▸ **TASK INSTRUCTIONS**:
Write out exactly the lines of the entries below, from the first through the line containing "A Black man", and nothing beyond them.

Saved entries
== Segment start ==

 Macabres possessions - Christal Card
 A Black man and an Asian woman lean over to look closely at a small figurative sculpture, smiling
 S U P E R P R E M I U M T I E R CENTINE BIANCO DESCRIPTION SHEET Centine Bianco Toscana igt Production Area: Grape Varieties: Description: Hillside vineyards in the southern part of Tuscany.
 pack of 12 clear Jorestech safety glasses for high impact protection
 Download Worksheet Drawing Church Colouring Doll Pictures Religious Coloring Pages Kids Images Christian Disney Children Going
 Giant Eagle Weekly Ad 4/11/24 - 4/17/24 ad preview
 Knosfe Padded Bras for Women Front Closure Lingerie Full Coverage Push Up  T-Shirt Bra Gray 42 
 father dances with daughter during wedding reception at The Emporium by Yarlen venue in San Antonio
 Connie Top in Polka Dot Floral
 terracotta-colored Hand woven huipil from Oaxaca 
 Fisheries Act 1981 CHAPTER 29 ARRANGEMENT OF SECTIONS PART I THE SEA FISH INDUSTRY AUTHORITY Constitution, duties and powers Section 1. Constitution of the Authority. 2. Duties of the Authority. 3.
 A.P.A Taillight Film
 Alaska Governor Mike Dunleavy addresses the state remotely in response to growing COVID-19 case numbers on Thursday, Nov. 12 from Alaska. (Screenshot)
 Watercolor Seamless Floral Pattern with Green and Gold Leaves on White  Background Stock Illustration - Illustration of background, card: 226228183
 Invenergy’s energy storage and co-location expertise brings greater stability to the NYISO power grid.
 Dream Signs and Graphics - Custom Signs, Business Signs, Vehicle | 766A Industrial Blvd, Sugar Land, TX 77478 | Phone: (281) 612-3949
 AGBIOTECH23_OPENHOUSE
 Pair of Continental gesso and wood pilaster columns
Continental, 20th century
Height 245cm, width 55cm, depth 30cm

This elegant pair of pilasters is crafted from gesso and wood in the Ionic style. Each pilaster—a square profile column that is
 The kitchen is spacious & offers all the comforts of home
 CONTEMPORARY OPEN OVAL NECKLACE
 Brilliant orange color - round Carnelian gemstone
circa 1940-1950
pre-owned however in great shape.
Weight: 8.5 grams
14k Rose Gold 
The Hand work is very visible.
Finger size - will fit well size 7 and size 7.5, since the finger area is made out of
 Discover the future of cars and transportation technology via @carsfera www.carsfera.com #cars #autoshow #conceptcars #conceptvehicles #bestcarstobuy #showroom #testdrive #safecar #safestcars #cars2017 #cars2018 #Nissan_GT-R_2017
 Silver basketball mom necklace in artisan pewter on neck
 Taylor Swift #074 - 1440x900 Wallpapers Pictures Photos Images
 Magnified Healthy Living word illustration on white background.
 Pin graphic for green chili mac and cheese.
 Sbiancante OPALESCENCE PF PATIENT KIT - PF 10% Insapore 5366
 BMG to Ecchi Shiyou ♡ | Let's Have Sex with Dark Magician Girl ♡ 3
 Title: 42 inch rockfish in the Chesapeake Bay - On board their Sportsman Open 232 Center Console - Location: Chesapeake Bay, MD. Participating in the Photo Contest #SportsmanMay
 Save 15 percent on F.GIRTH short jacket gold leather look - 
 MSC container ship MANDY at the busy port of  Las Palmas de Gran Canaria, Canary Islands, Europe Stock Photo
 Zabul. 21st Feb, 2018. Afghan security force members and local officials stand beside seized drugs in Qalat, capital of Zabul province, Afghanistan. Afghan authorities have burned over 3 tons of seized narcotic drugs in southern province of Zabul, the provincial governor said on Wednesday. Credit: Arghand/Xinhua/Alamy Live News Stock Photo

== Segment end ==

▸ **WRITTEN REPLY**:
 Macabres possessions - Christal Card
 A Black man and an Asian woman lean over to look closely at a small figurative sculpture, smiling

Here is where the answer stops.